## Provided material
►
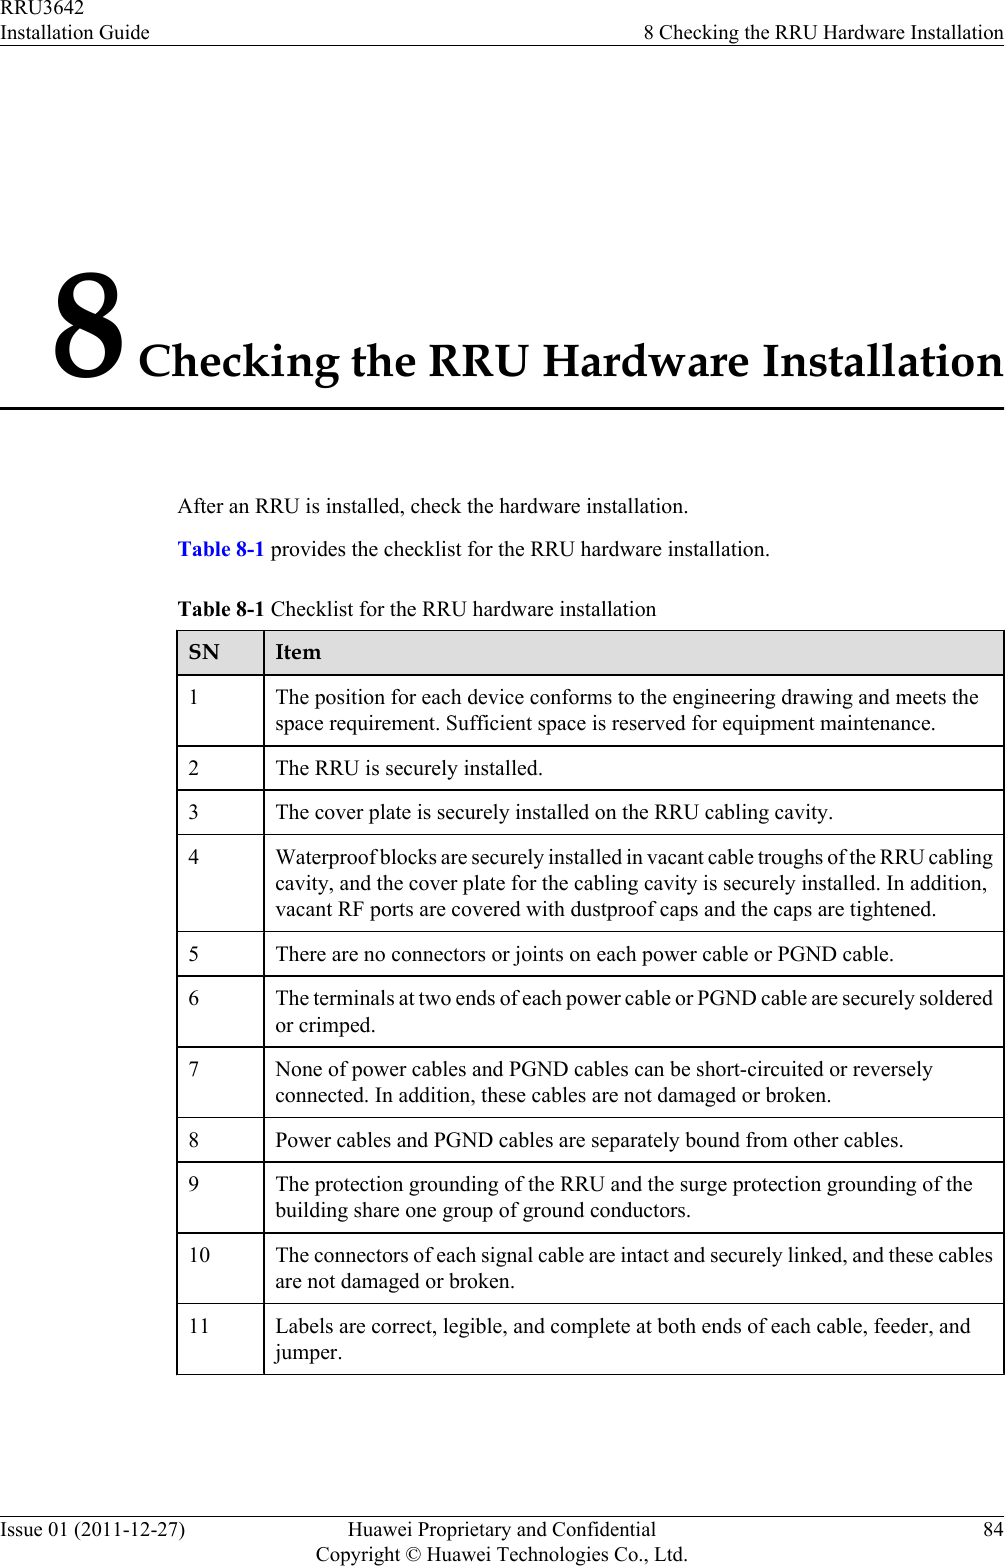 8 Checking the RRU Hardware InstallationAfter an RRU is installed, check the hardware installation.Table 8-1 provides the checklist for the RRU hardware installation.Table 8-1 Checklist for the RRU hardware installationSN Item1The position for each device conforms to the engineering drawing and meets thespace requirement. Sufficient space is reserved for equipment maintenance.2 The RRU is securely installed.3 The cover plate is securely installed on the RRU cabling cavity.4 Waterproof blocks are securely installed in vacant cable troughs of the RRU cablingcavity, and the cover plate for the cabling cavity is securely installed. In addition,vacant RF ports are covered with dustproof caps and the caps are tightened.5 There are no connectors or joints on each power cable or PGND cable.6 The terminals at two ends of each power cable or PGND cable are securely solderedor crimped.7 None of power cables and PGND cables can be short-circuited or reverselyconnected. In addition, these cables are not damaged or broken.8 Power cables and PGND cables are separately bound from other cables.9 The protection grounding of the RRU and the surge protection grounding of thebuilding share one group of ground conductors.10 The connectors of each signal cable are intact and securely linked, and these cablesare not damaged or broken.11 Labels are correct, legible, and complete at both ends of each cable, feeder, andjumper.RRU3642Installation Guide 8 Checking the RRU Hardware InstallationIssue 01 (2011-12-27) Huawei Proprietary and ConfidentialCopyright © Huawei Technologies Co., Ltd.84
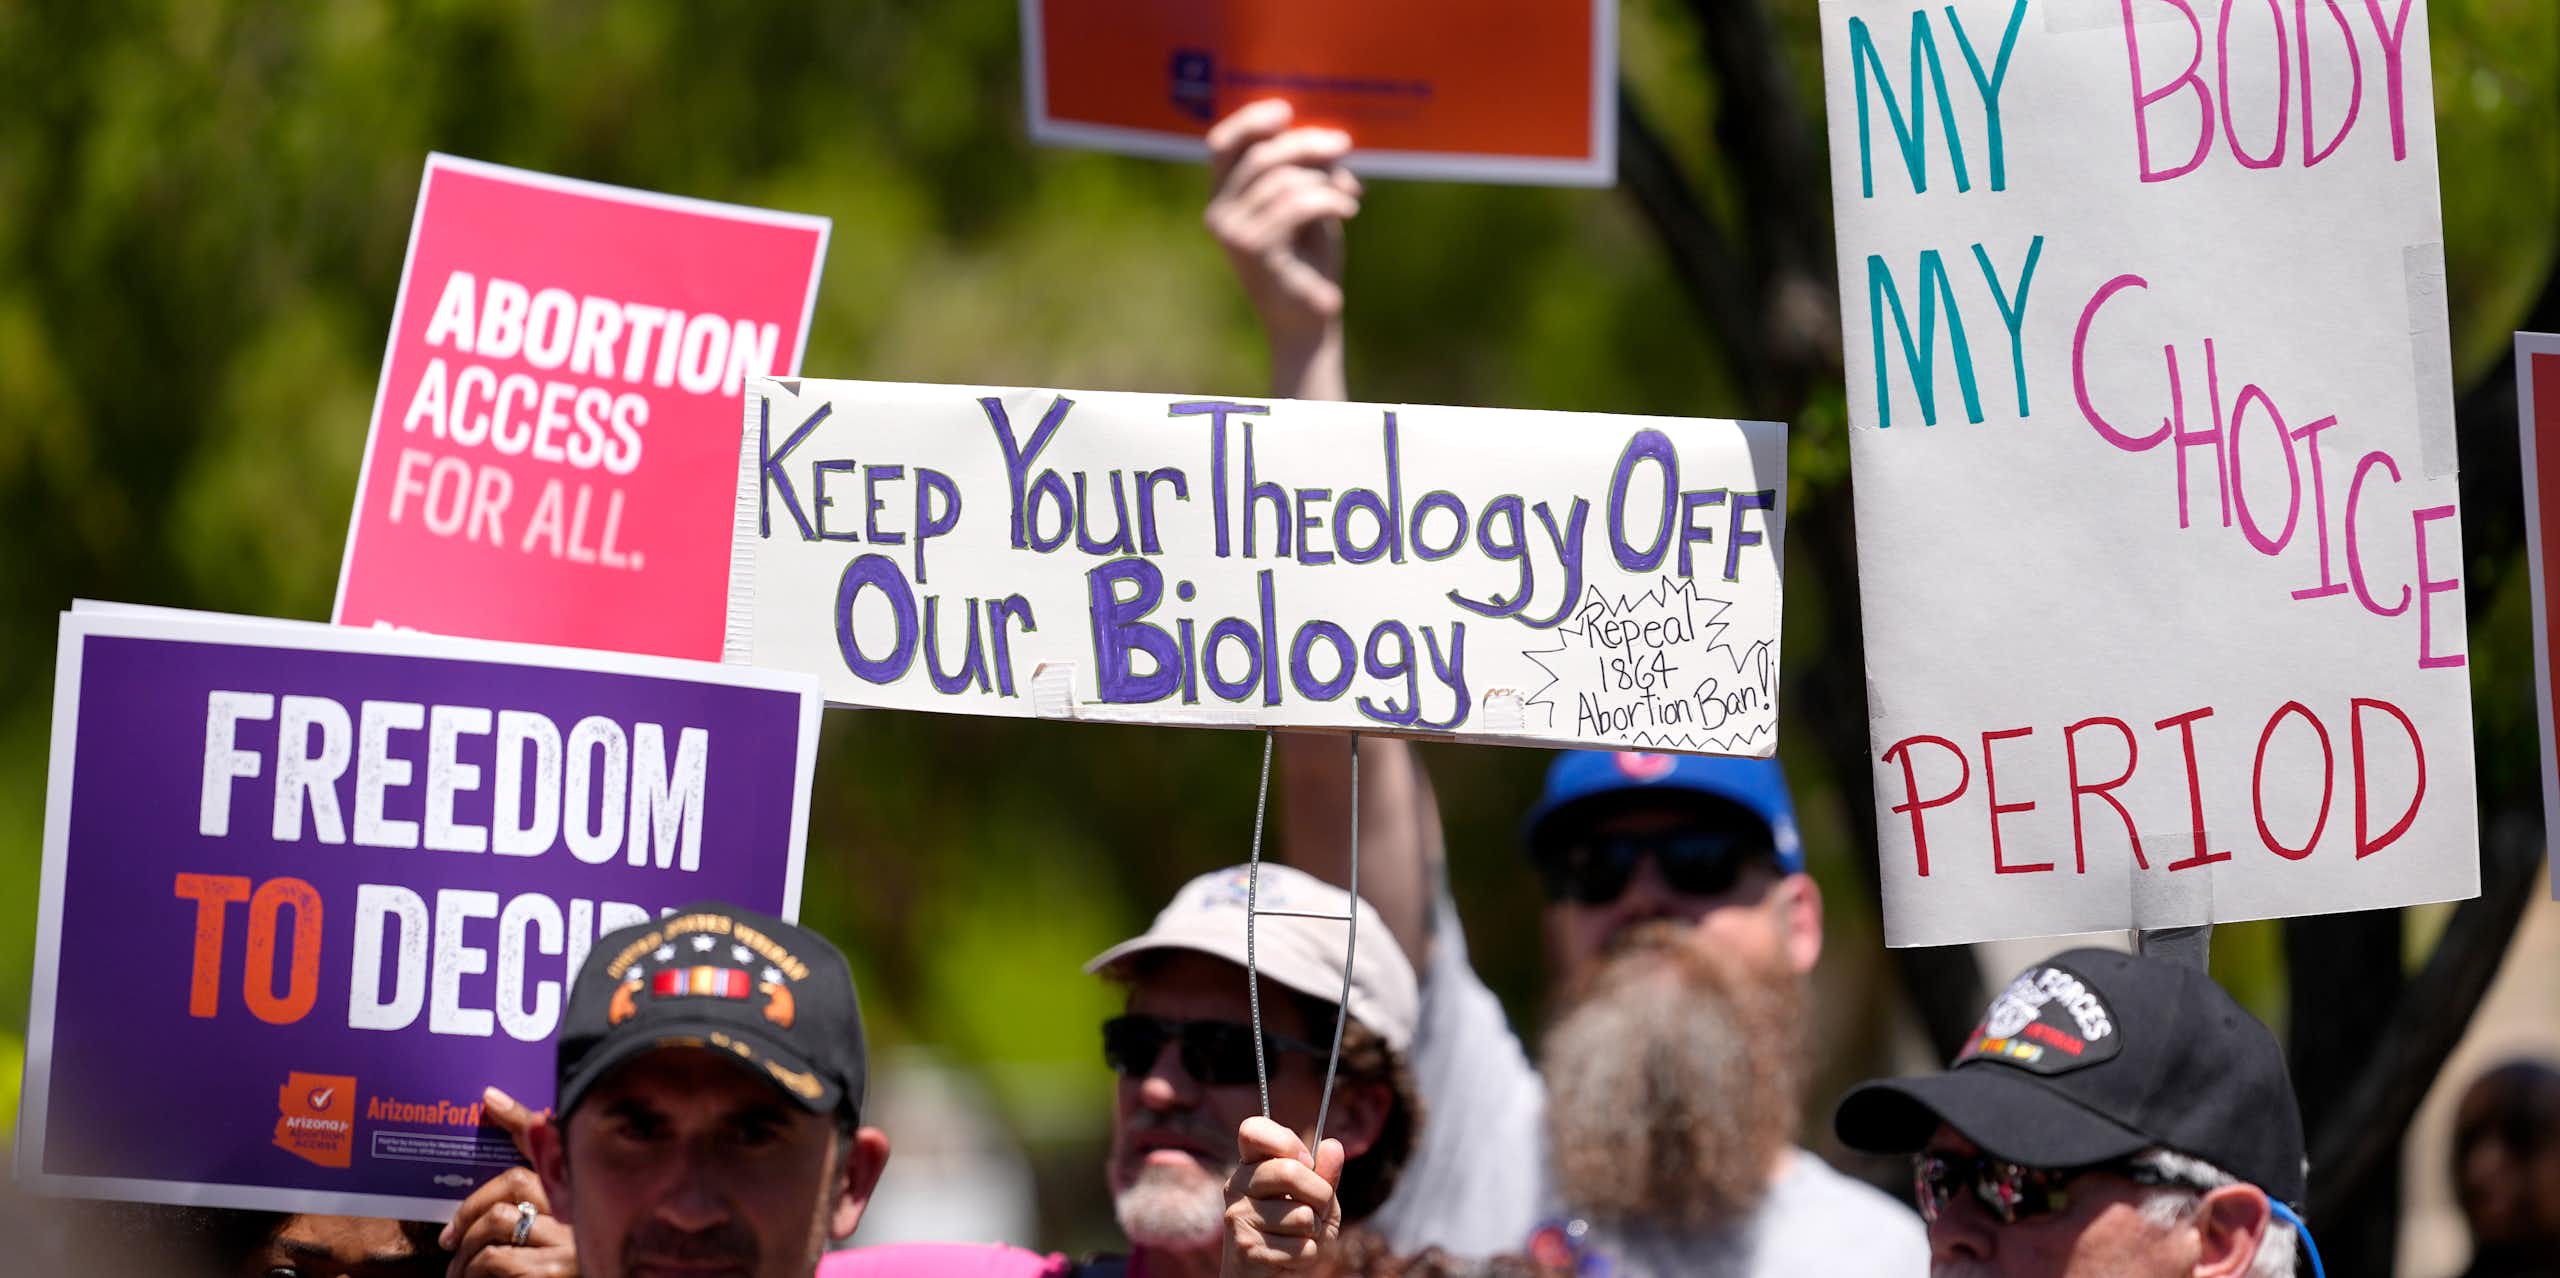 Abortion rights supporters hold up signs of protest against the Arizona abortion ban.
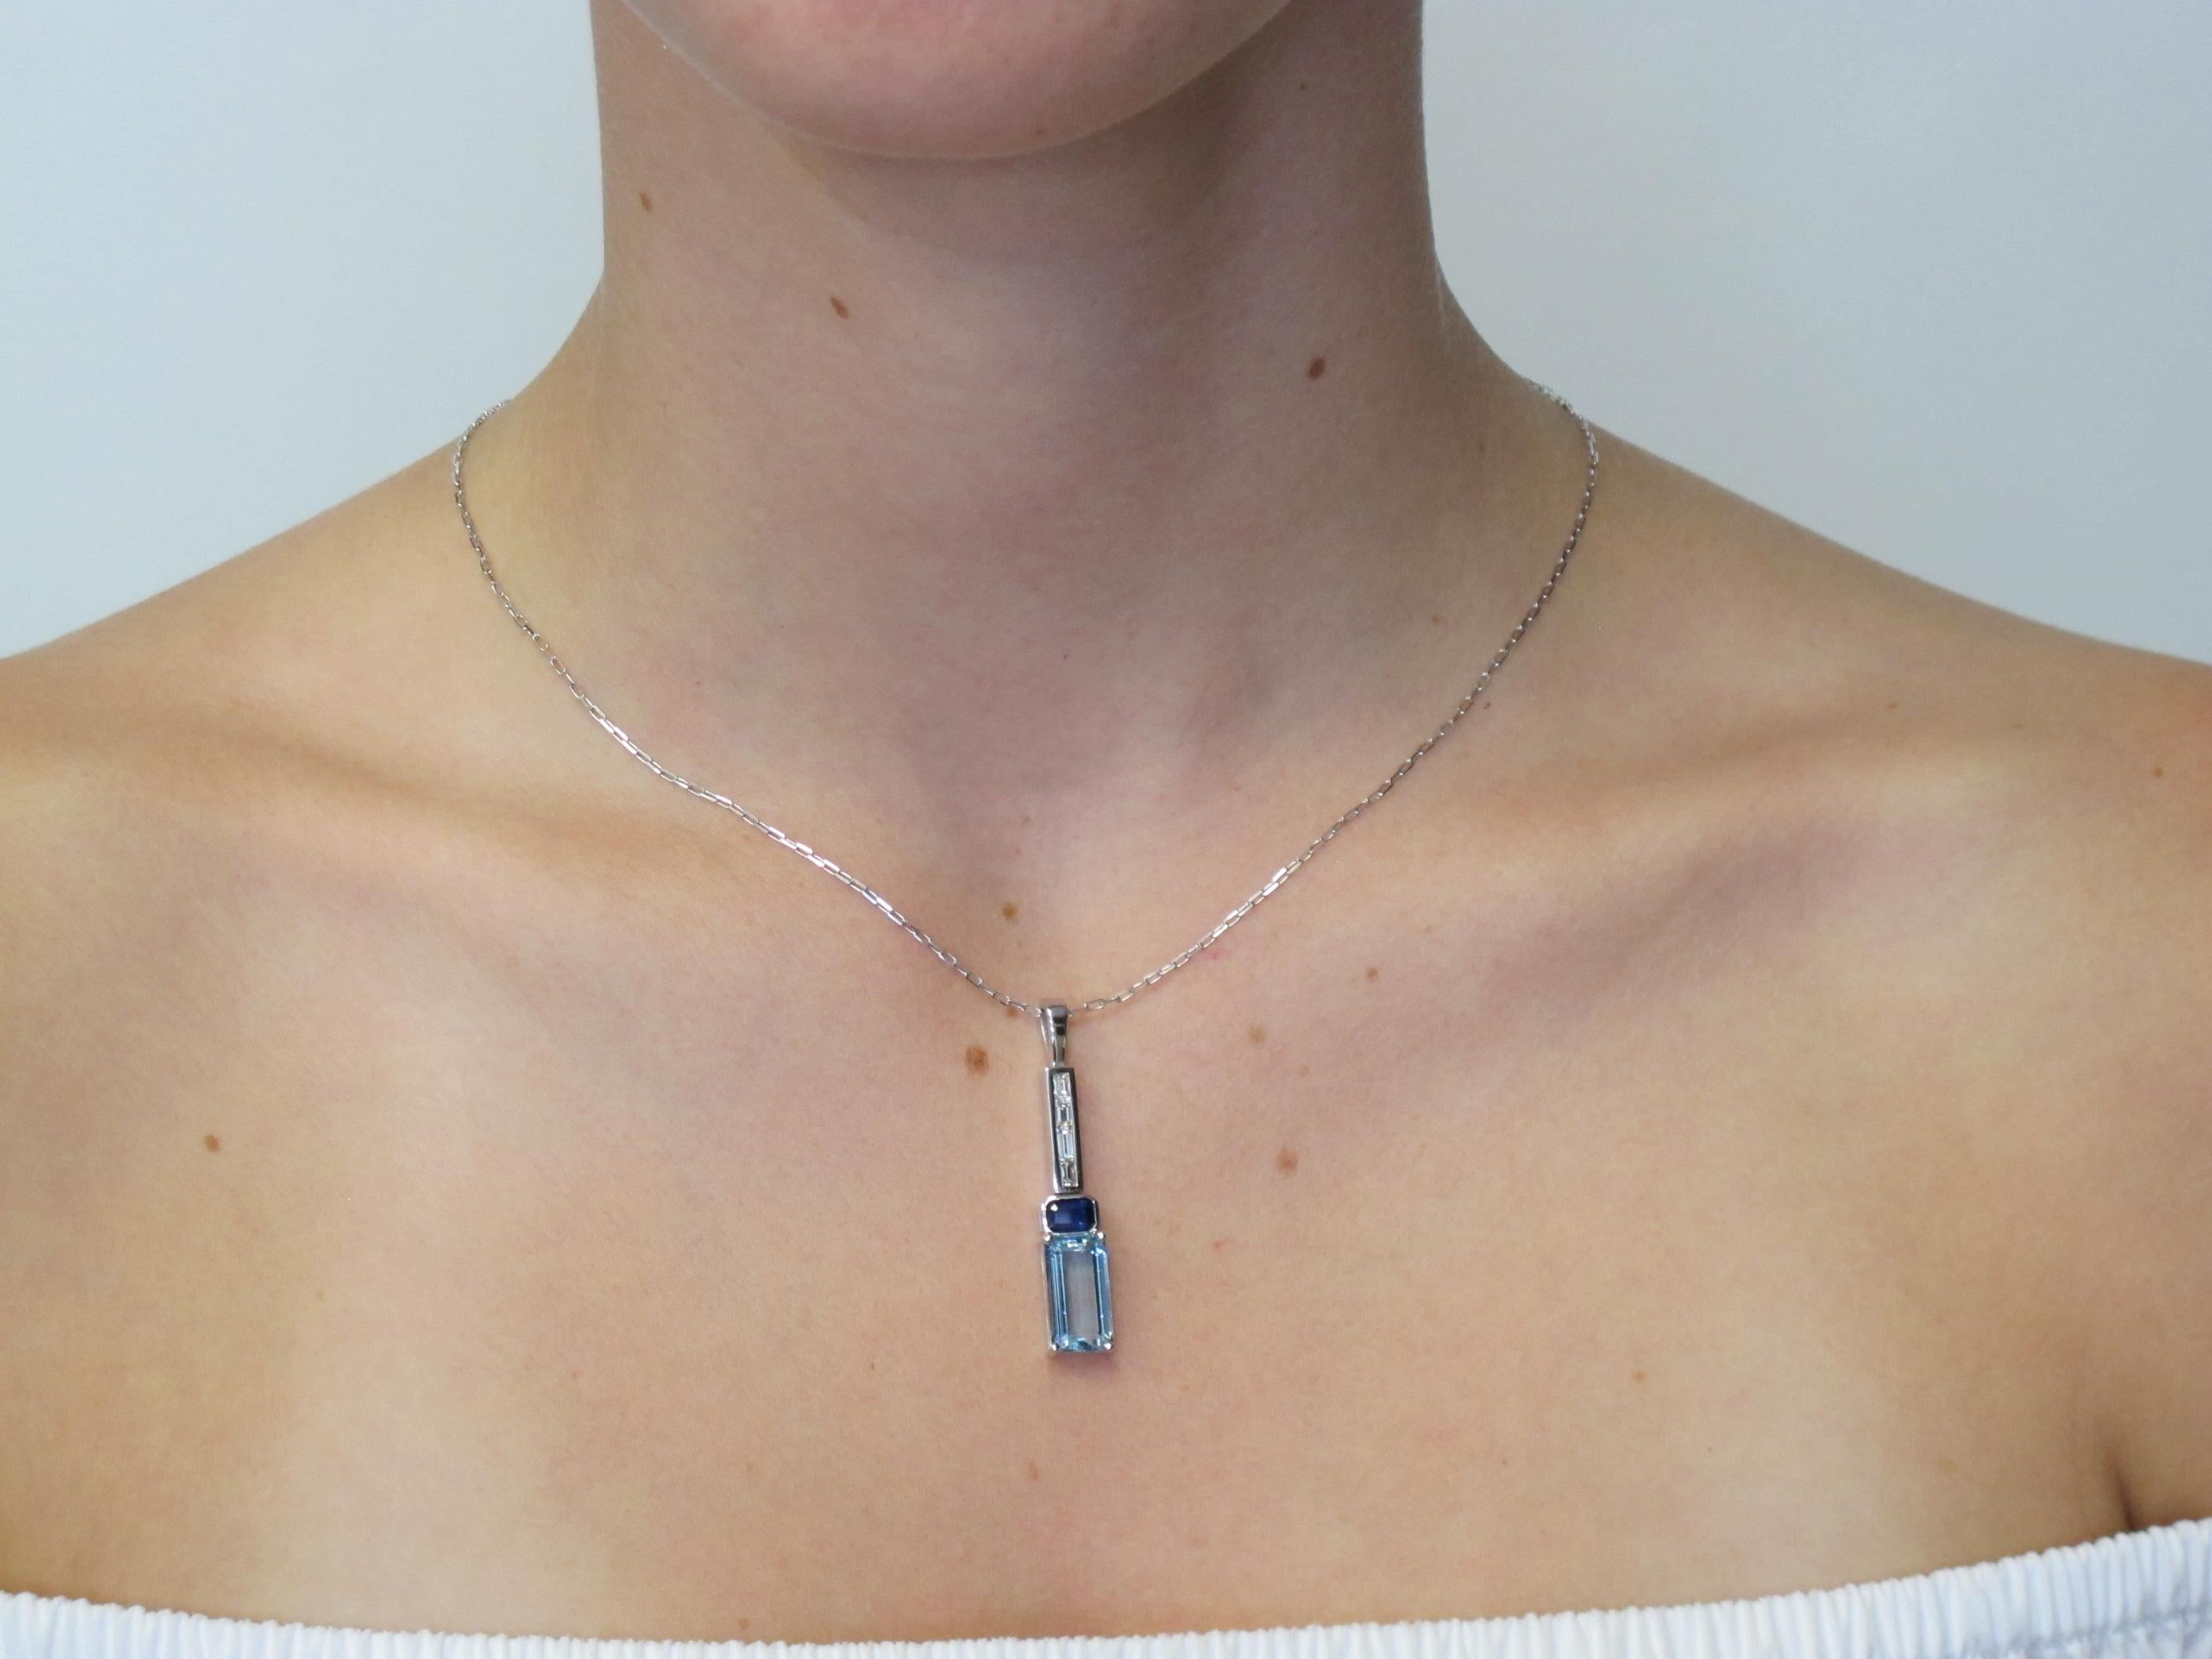 This clean, classic pendant has a soft delicate grace to it. Its simple lines and multiple gemstones, give this necklace some subtle spunk! The depth of the color in this stunning aquamarine gemstone is incredibly rare. Our take on Art Deco;
◄
## Work required
Quote the data above in full, leaving out the pictures it holds.

## Problem solution
 8 Checking the RRU Hardware InstallationAfter an RRU is installed, check the hardware installation.Table 8-1 provides the checklist for the RRU hardware installation.Table 8-1 Checklist for the RRU hardware installationSN Item1The position for each device conforms to the engineering drawing and meets thespace requirement. Sufficient space is reserved for equipment maintenance.2 The RRU is securely installed.3 The cover plate is securely installed on the RRU cabling cavity.4 Waterproof blocks are securely installed in vacant cable troughs of the RRU cablingcavity, and the cover plate for the cabling cavity is securely installed. In addition,vacant RF ports are covered with dustproof caps and the caps are tightened.5 There are no connectors or joints on each power cable or PGND cable.6 The terminals at two ends of each power cable or PGND cable are securely solderedor crimped.7 None of power cables and PGND cables can be short-circuited or reverselyconnected. In addition, these cables are not damaged or broken.8 Power cables and PGND cables are separately bound from other cables.9 The protection grounding of the RRU and the surge protection grounding of thebuilding share one group of ground conductors.10 The connectors of each signal cable are intact and securely linked, and these cablesare not damaged or broken.11 Labels are correct, legible, and complete at both ends of each cable, feeder, andjumper.RRU3642Installation Guide 8 Checking the RRU Hardware InstallationIssue 01 (2011-12-27) Huawei Proprietary and ConfidentialCopyright © Huawei Technologies Co., Ltd.84
 Abortion rights supporters hold up signs of protest against the Arizona abortion ban.
 This clean, classic pendant has a soft delicate grace to it. Its simple lines and multiple gemstones, give this necklace some subtle spunk! The depth of the color in this stunning aquamarine gemstone is incredibly rare. Our take on Art Deco;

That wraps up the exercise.